**DESCRIPTION OF THE TASK**:
In the entries below, find the line with "Londres - DEC" and the line with "PANTONE 3570 C - Triadic Color Palette"; reproduce those two lines and all lines between them exactly, without pictures.

(RECORD EXTRACTS begins)

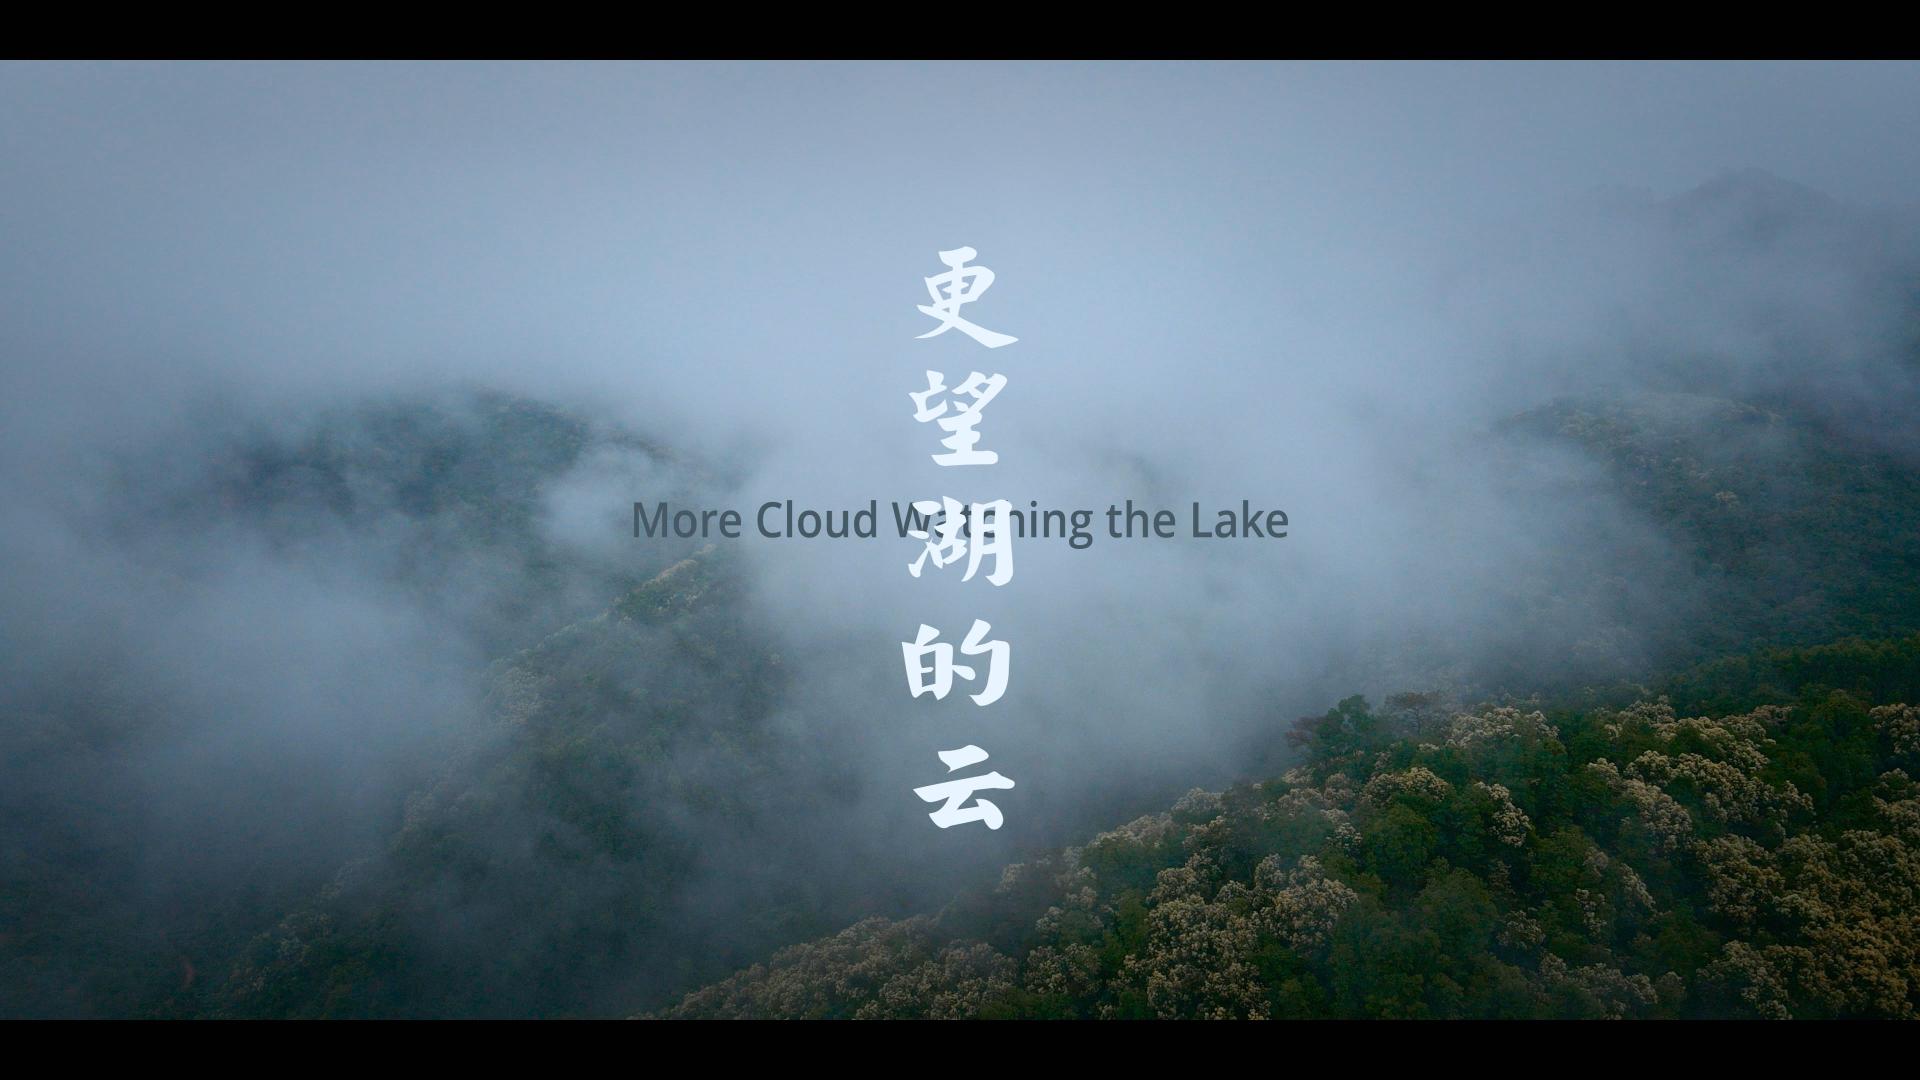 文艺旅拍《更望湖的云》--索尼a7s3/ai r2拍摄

(RECORD EXTRACTS ends)
(RECORD EXTRACTS begins)

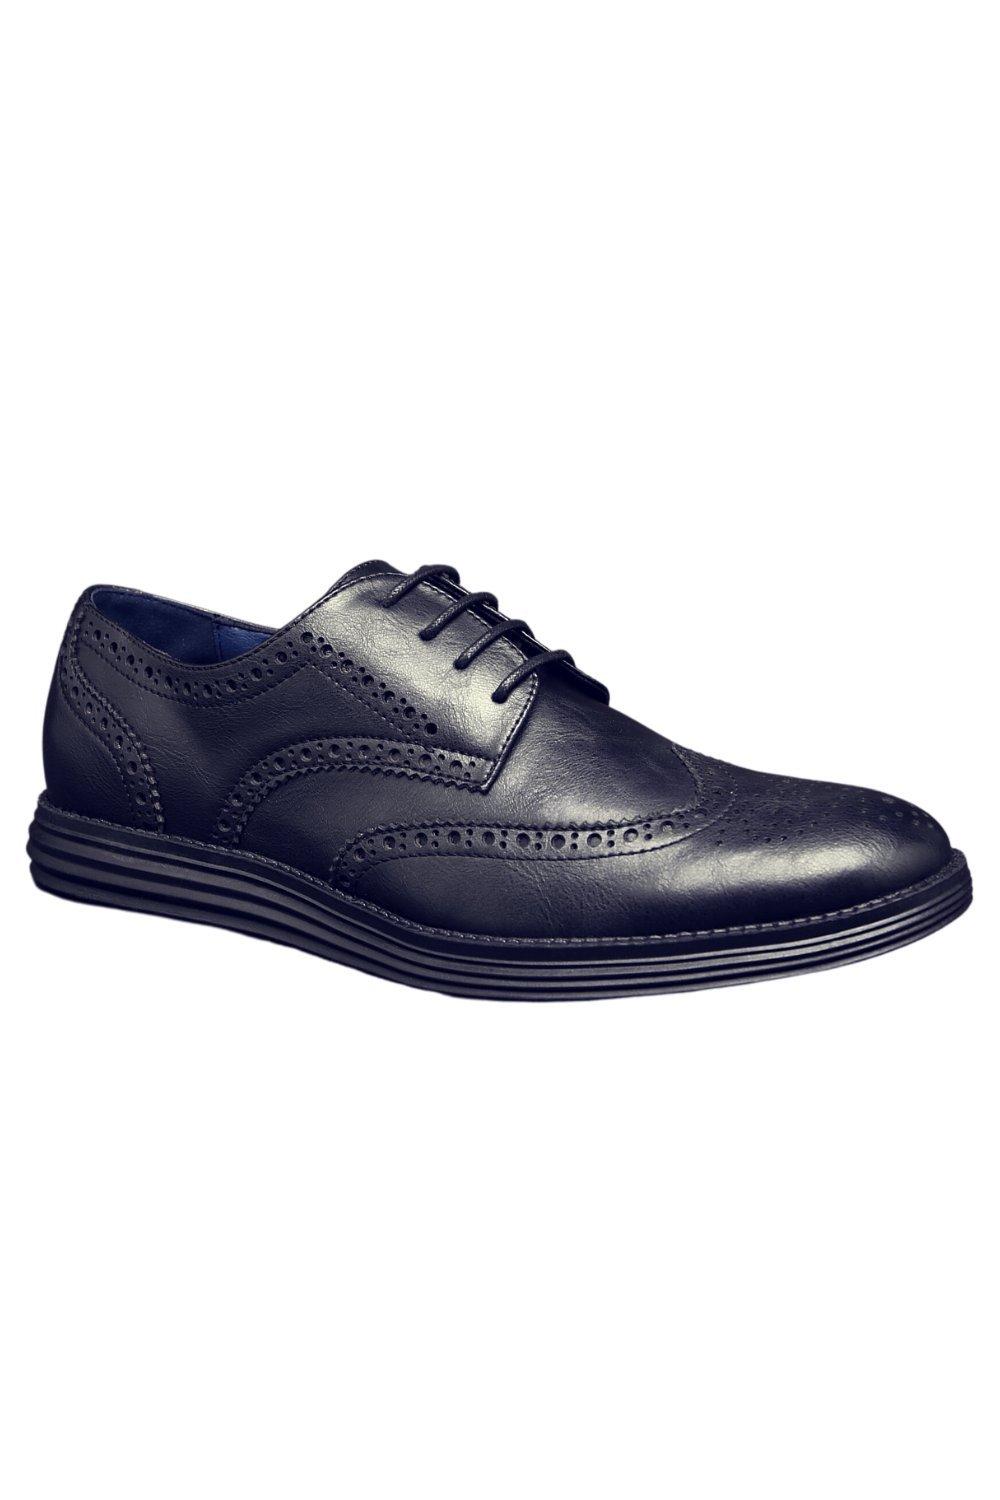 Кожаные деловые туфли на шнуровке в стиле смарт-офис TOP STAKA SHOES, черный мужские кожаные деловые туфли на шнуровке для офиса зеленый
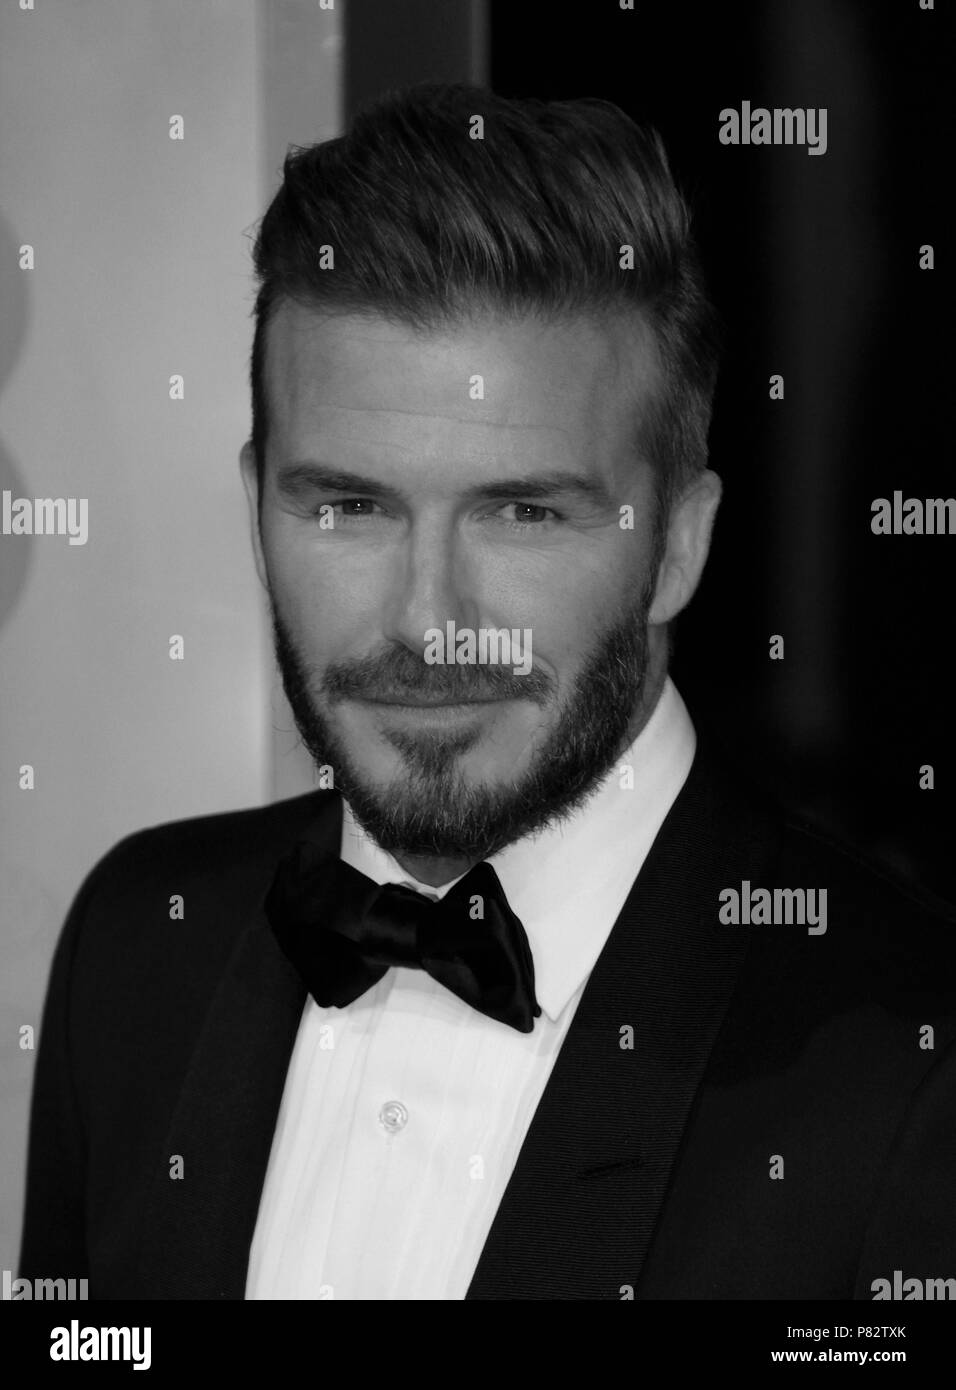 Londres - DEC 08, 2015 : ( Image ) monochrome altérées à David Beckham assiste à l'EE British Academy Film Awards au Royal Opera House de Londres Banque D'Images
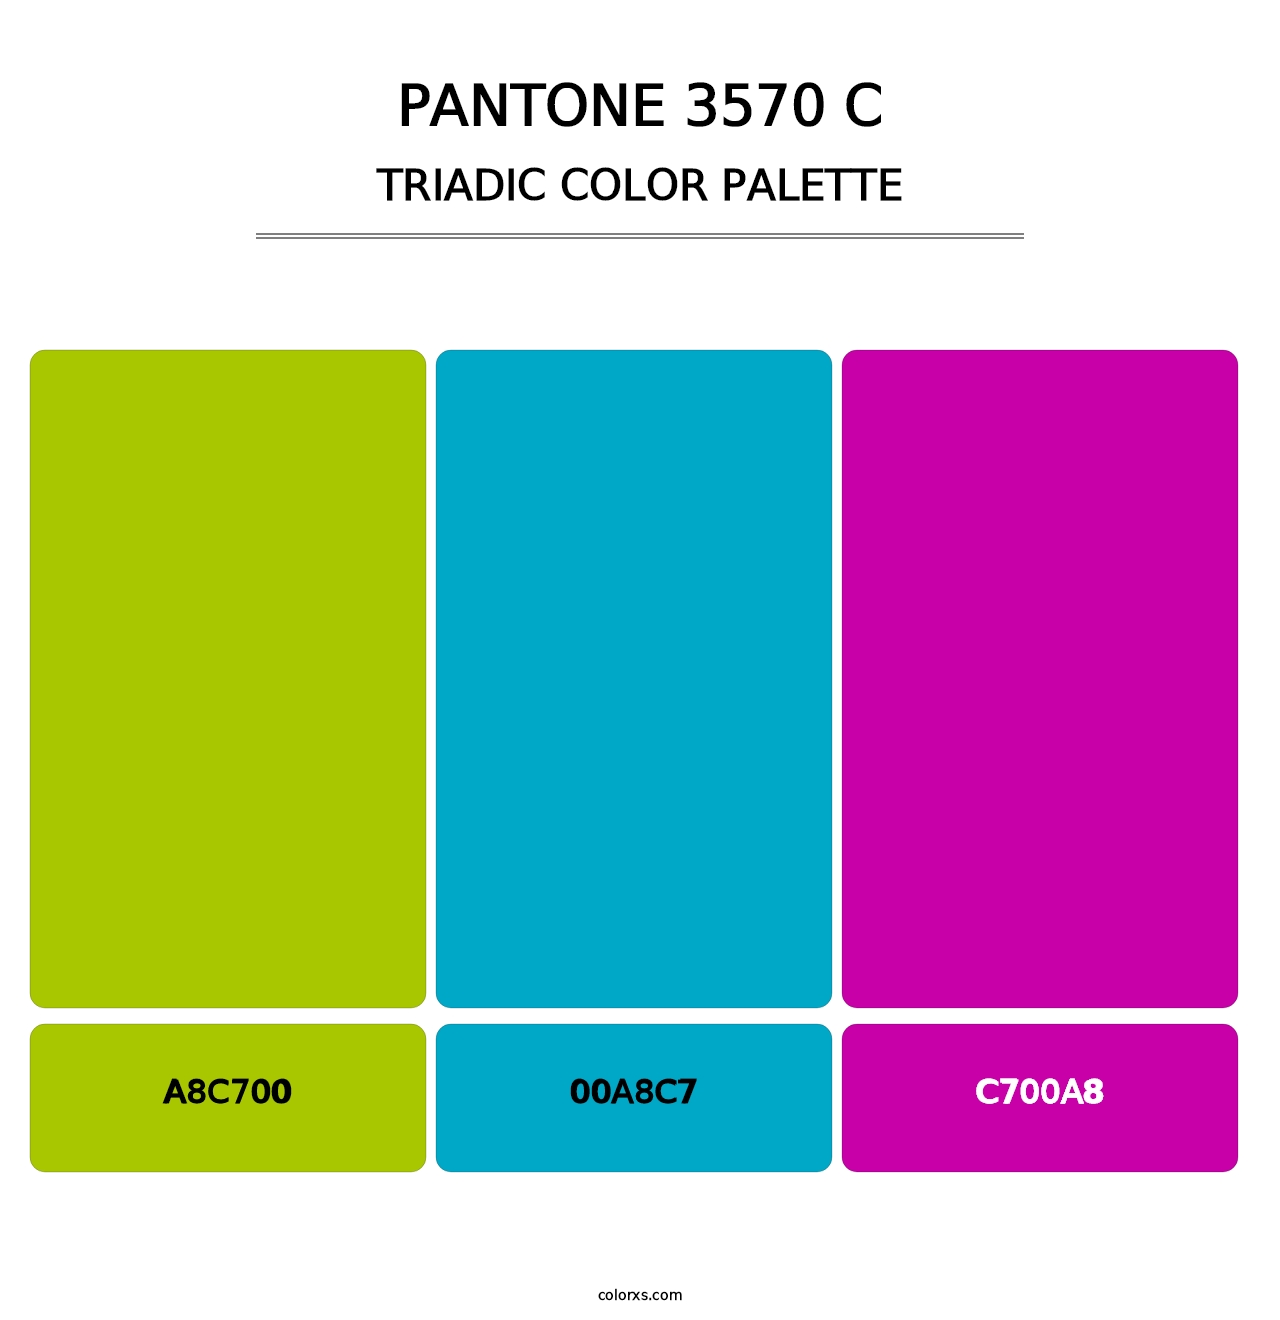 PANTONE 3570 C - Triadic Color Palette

(RECORD EXTRACTS ends)

**OUTPUT OF THE EXERCISE**:
 Londres - DEC 08, 2015 : ( Image ) monochrome altérées à David Beckham assiste à l'EE British Academy Film Awards au Royal Opera House de Londres Banque D'Images
 PANTONE 3570 C - Triadic Color Palette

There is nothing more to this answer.